Before the next dance, Lori Hawk closes her eyes as she plays one of her three Indian flutes. Hawk is from the Eastern Delaware and Métis of Canada nations. The Metis are a mixed race tribe from Canada. They’re descended from Native Americans who married Europeans and established separate communities mainly in south central Canada.

All the money from admissions and raffles is being donated to the Lakota people from the Pine Ridge reservation in South Dakota. In the 1870s, Pine Ridge was the site of Custer’s Last Stand. And the military took revenge, slaughtering 250 mostly unarmed Lakota at Wounded Knee. Today, the reservation is one of the poorest places in the United States.

“My name is Stacy Makes Good. I’m from the Pine Ridge reservation. My Indian name is Ta Kola Cou Ota. It means ‘has a lot of friends.’”

Stacy Makes Good drove a car full of those friends from his reservation through the night to dance in the pow wow. For him, traveling to dance is in the spirit of his people.

“We’re called a nomadic tribe. We follow the buffalo around, so I guess that spirit carried on over. I follow the buffalo, kind of like follow the powwow. Following the whole spirit.”

Makes Good is in his fifties, with soft features and deep brown eyes. He’s traveled to dance in powwows since he was a teenager, the age of many of the other dancers. Makes Good sits off by himself before he starts to put on his regalia. He ties leather bands of bells to his ankles and waist.
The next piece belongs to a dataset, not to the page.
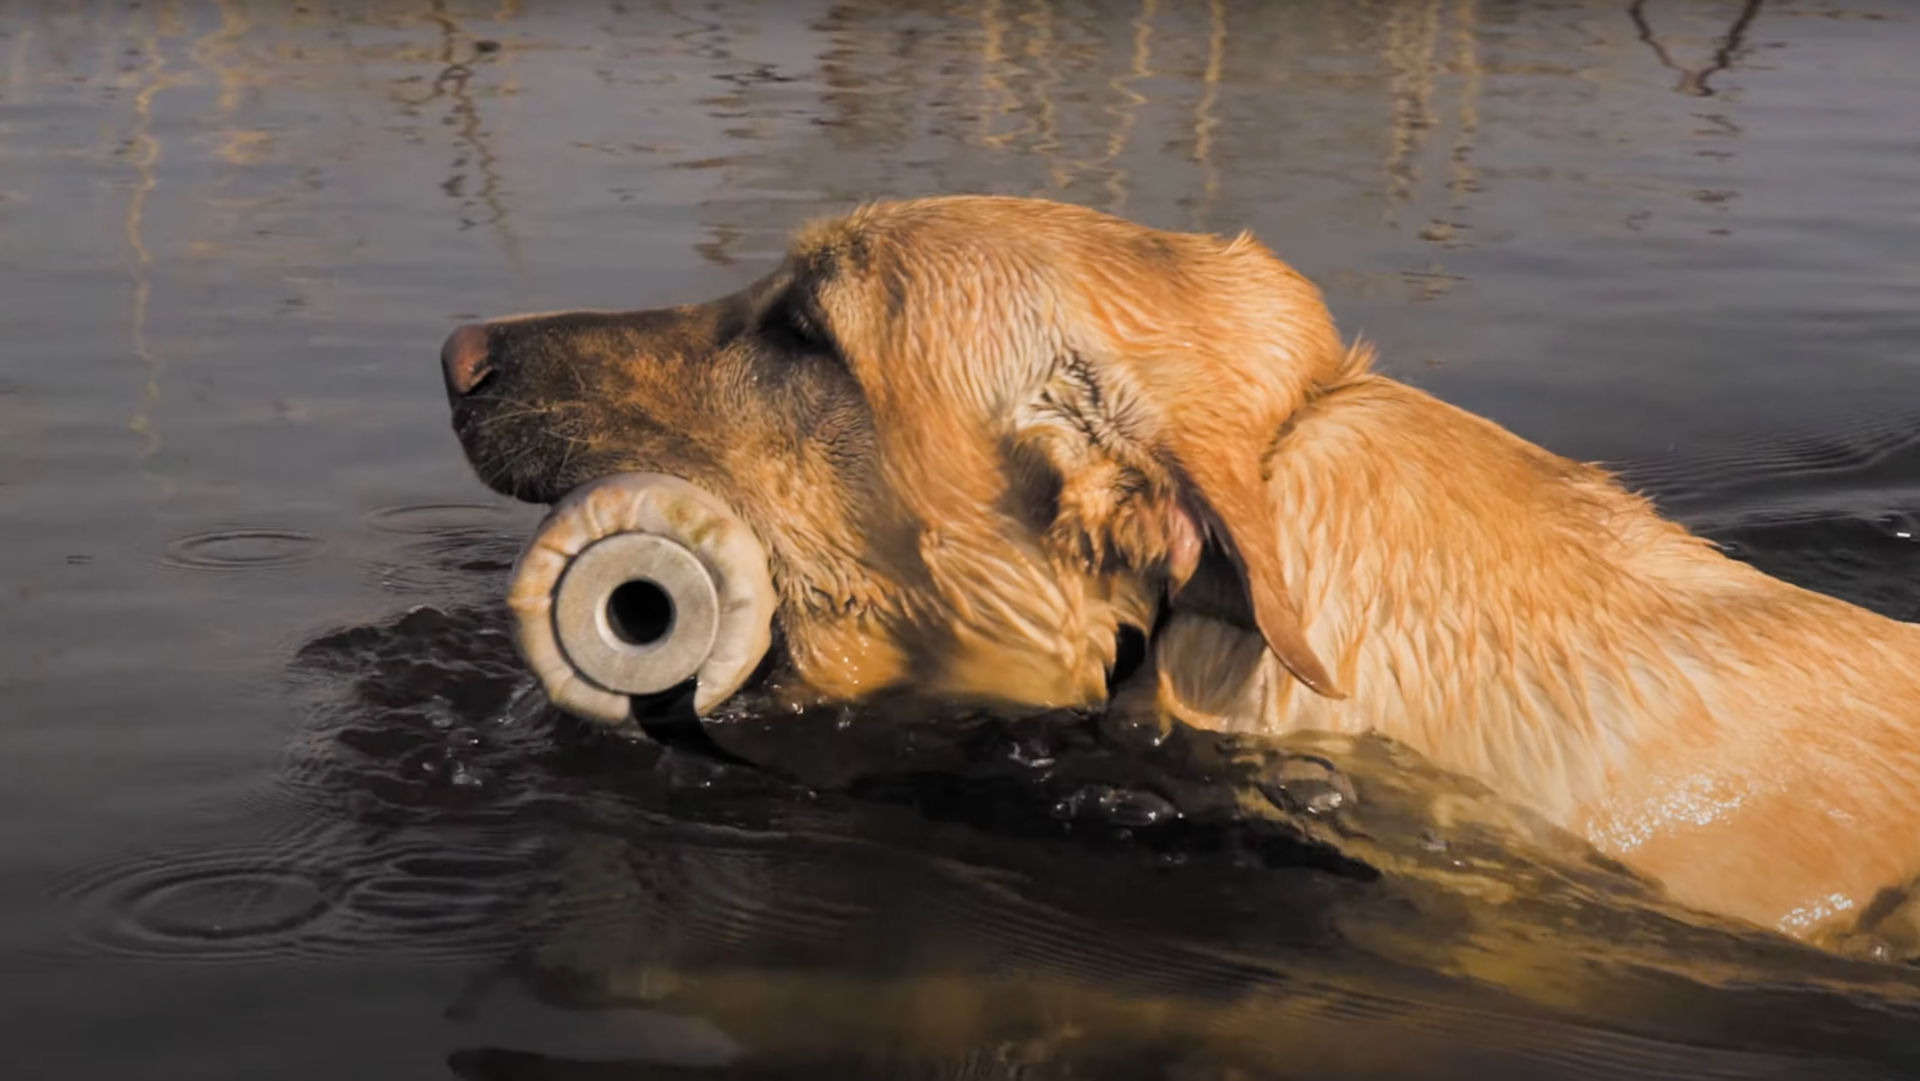 A dog swimming in water with a white training toy in its mouth

“We are the buffalo people and this buffalo dance was given to us by the buffalo. They call us their brothers and when we’re going to hunt buffalo, we do this dance to give thanks for hunting the buffalo and they give us good success. Today, it’s a special ceremony, but we bring it into the pow wow to let it be seen and recognized that as a buffalo nation people we’re still here. We’re still surviving.”

He mounts a buffalo hide with black pointed horns on his head and dances into the circle.